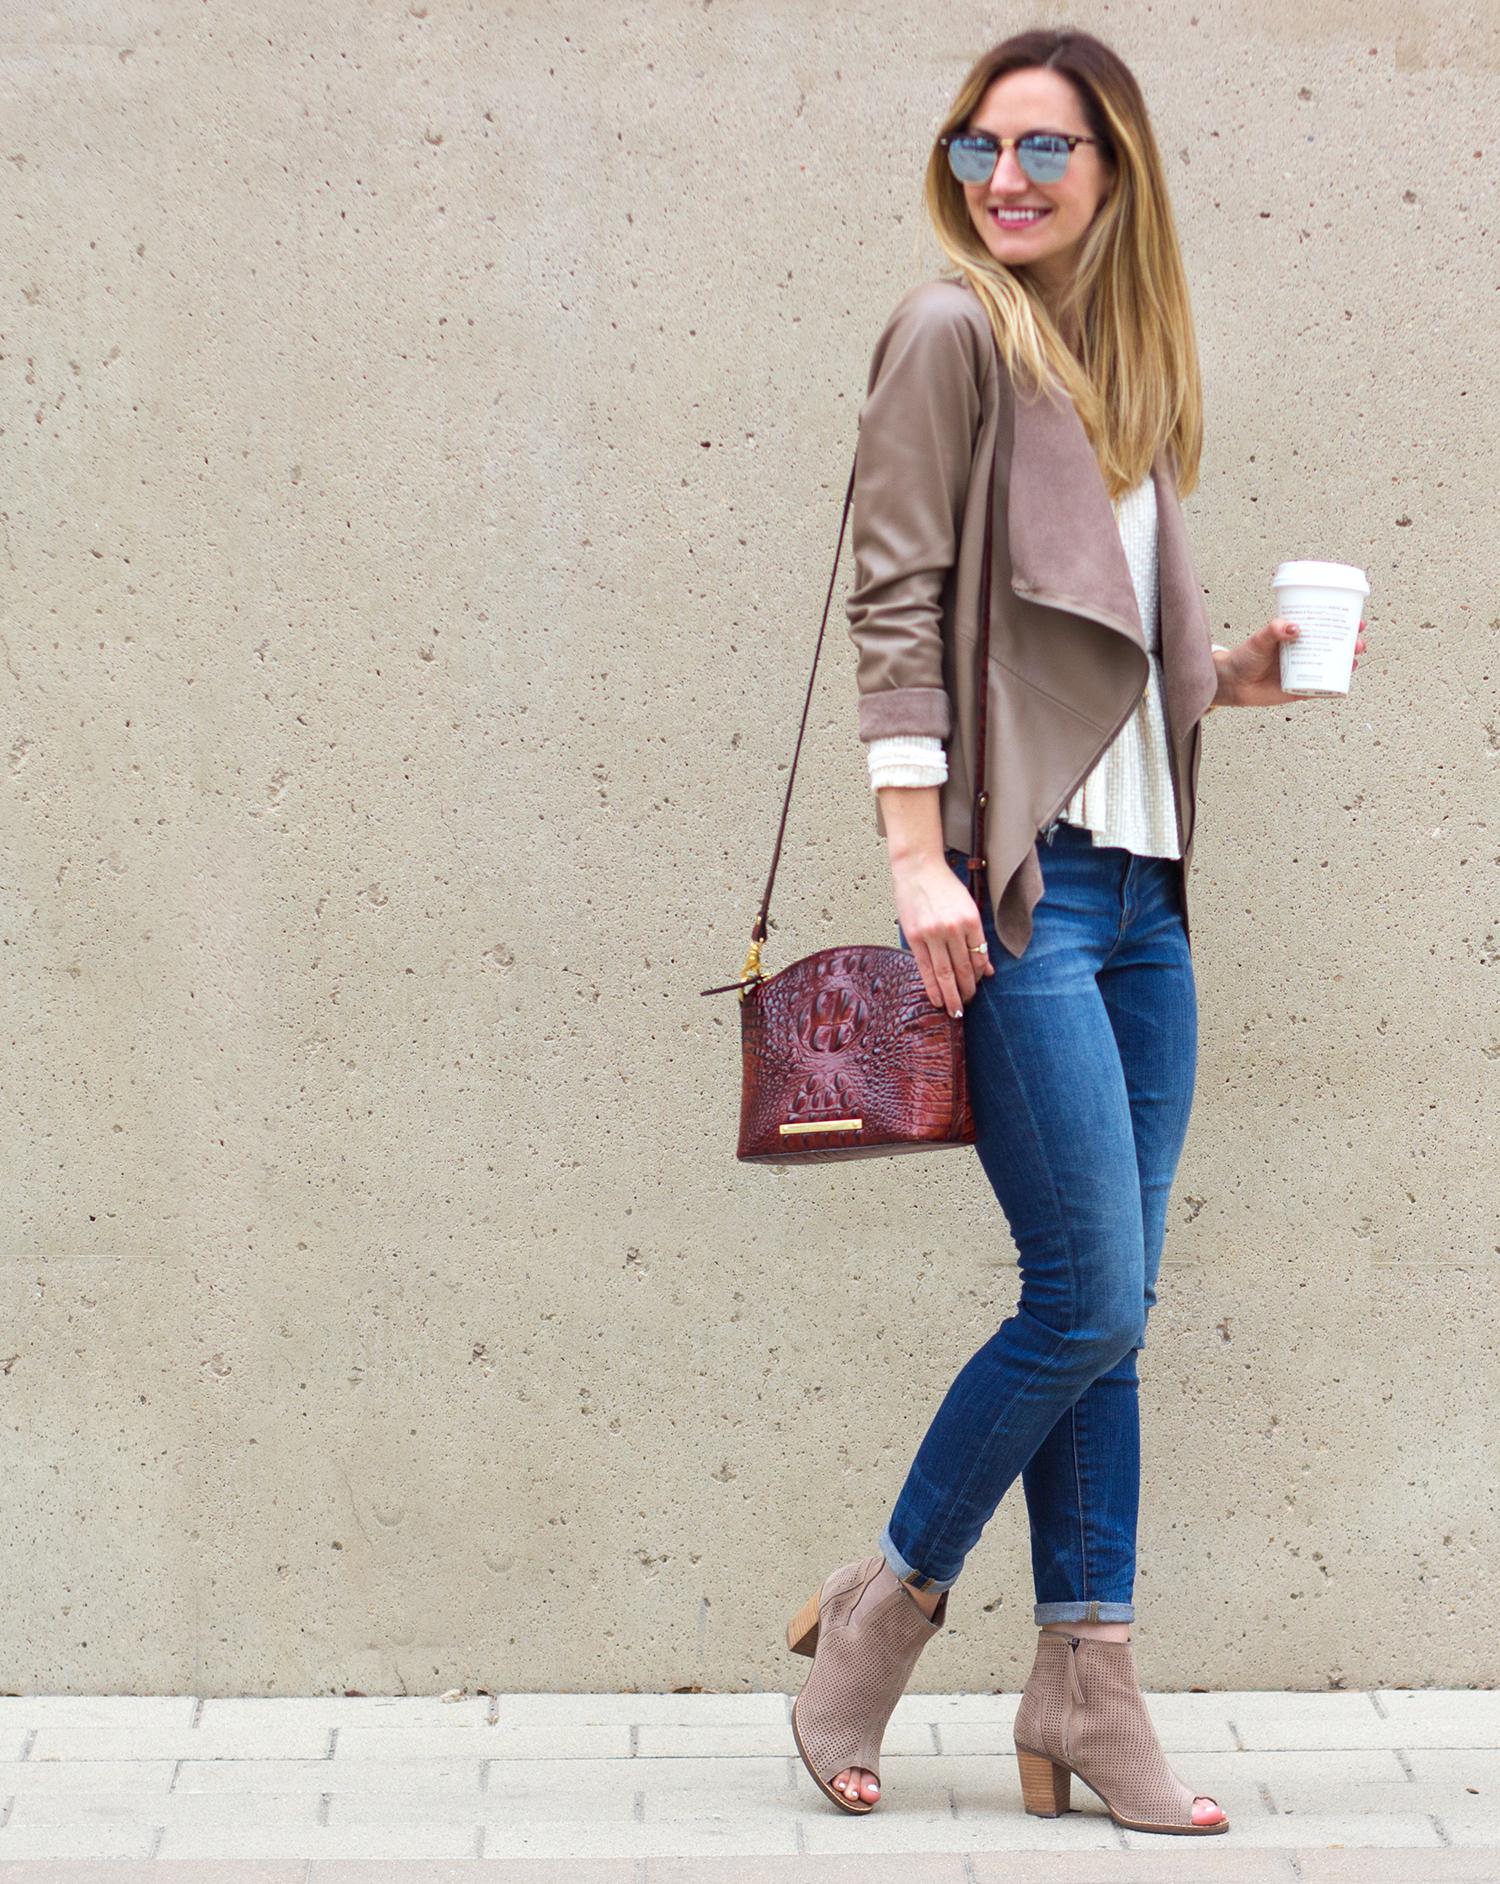 livvyland-blog-olivia-watson-austin-texas-fashion-blogger-madewell-skinny-jeans-bb-dakota-bradford-tan-draped-front-jacket-brahmin-toms-majorca-booties-8
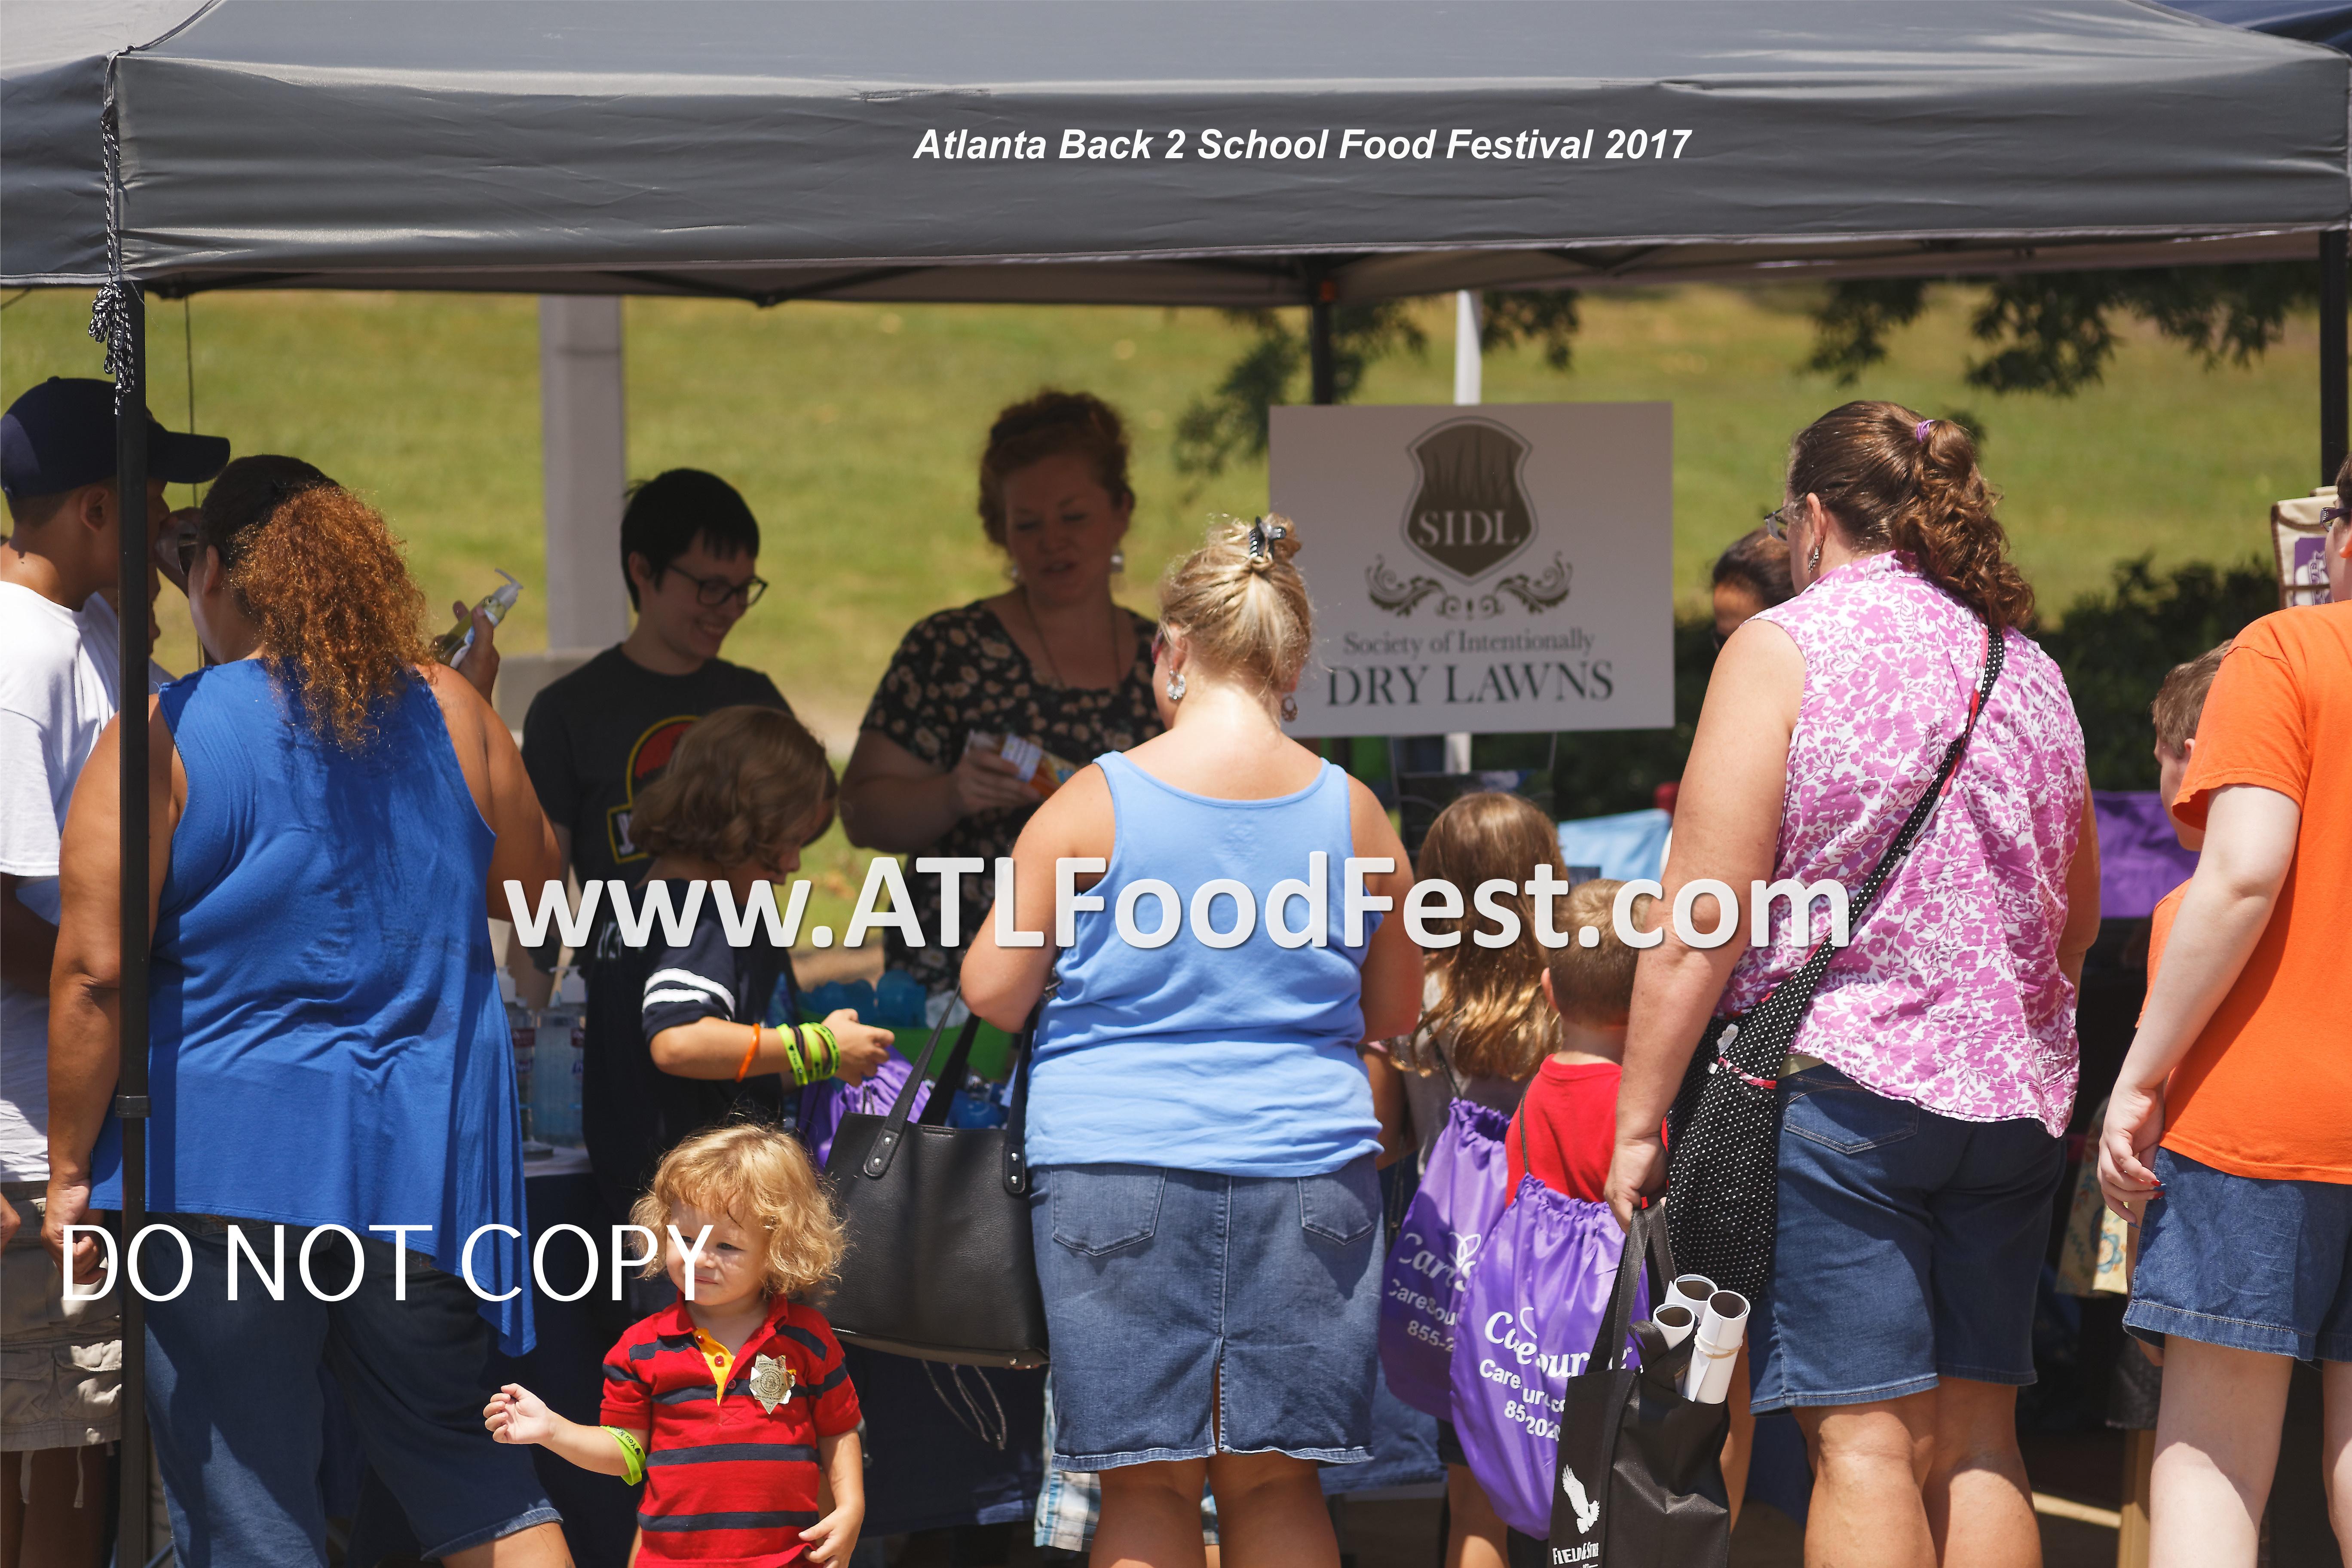 Atlfoodfest Vendors
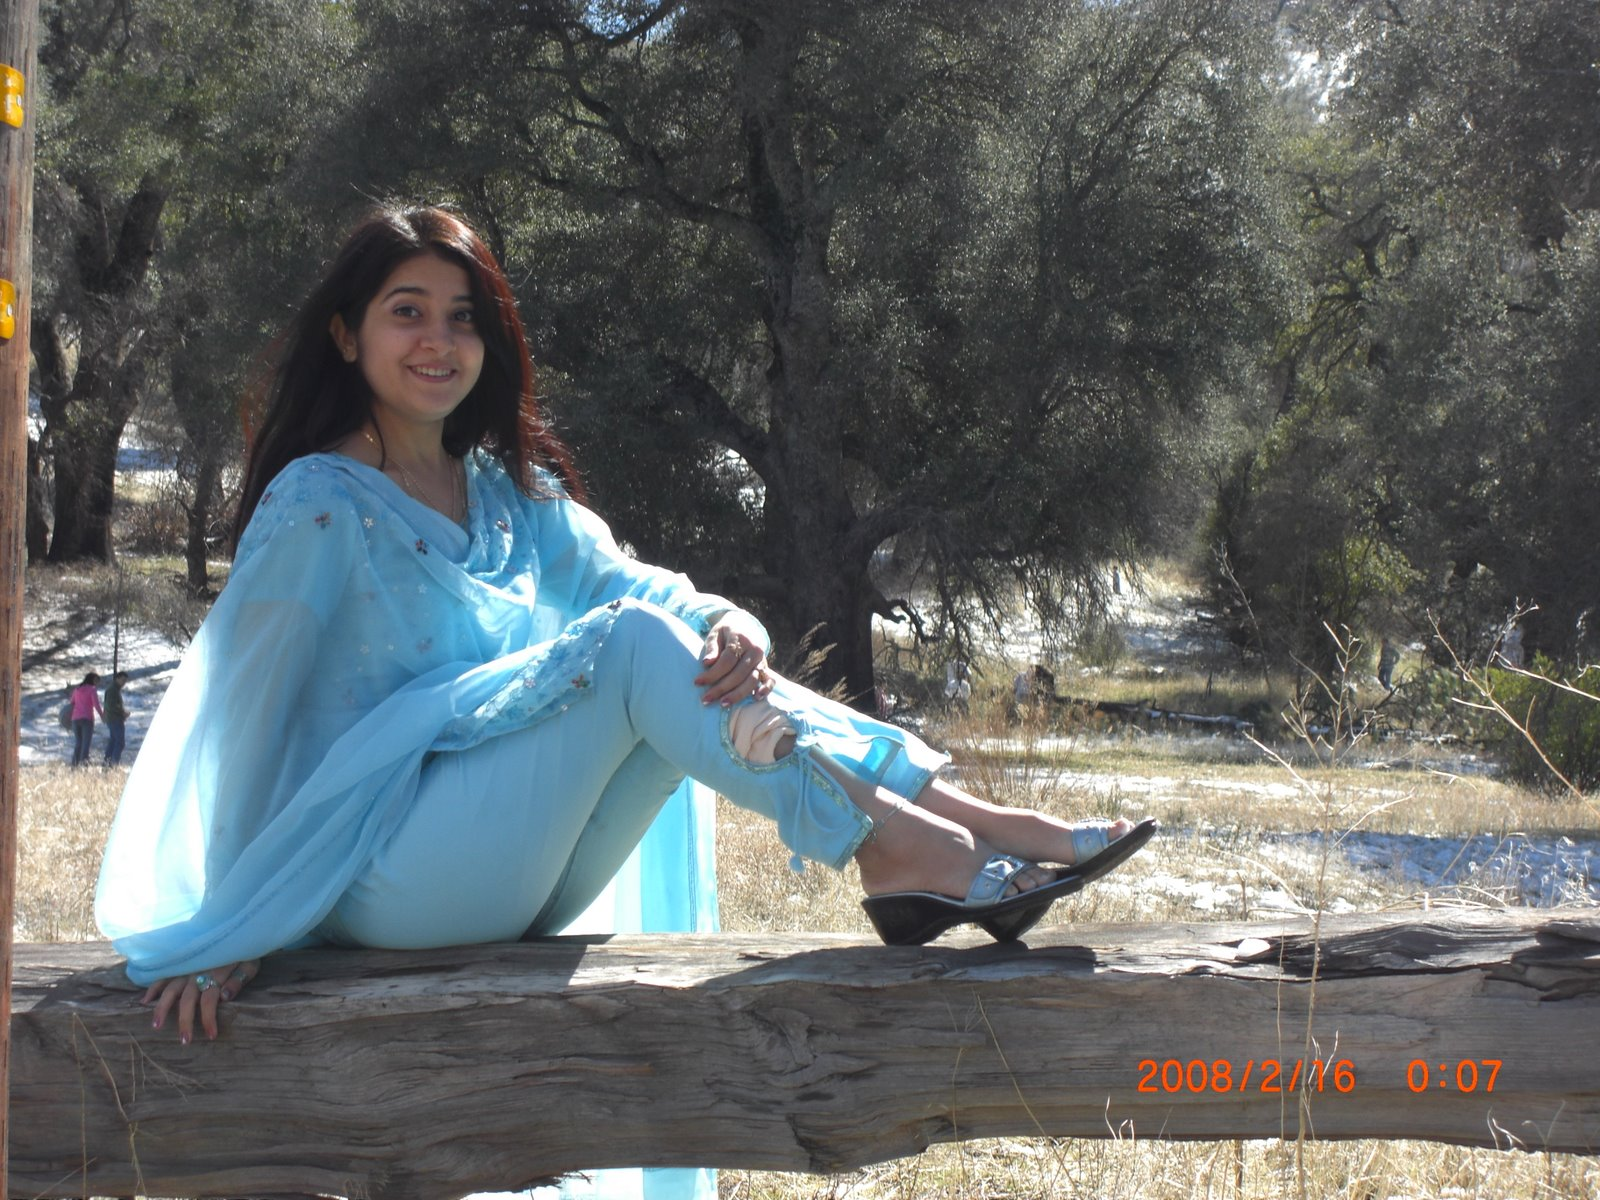 http://3.bp.blogspot.com/-GhmUA6OZSh0/Tc5EjZDvPOI/AAAAAAAAHLI/_rV8dGBl-3w/s1600/Indian+Models+%2528159%2529.jpg

········

# HOW TO COMPLETE THIS TASK
Leave the pictures out. Otherwise, output the listing above exactly.

# ANSWER TO THIS PROBLEM
 livvyland-blog-olivia-watson-austin-texas-fashion-blogger-madewell-skinny-jeans-bb-dakota-bradford-tan-draped-front-jacket-brahmin-toms-majorca-booties-8
 Atlfoodfest Vendors
 http://3.bp.blogspot.com/-GhmUA6OZSh0/Tc5EjZDvPOI/AAAAAAAAHLI/_rV8dGBl-3w/s1600/Indian+Models+%2528159%2529.jpg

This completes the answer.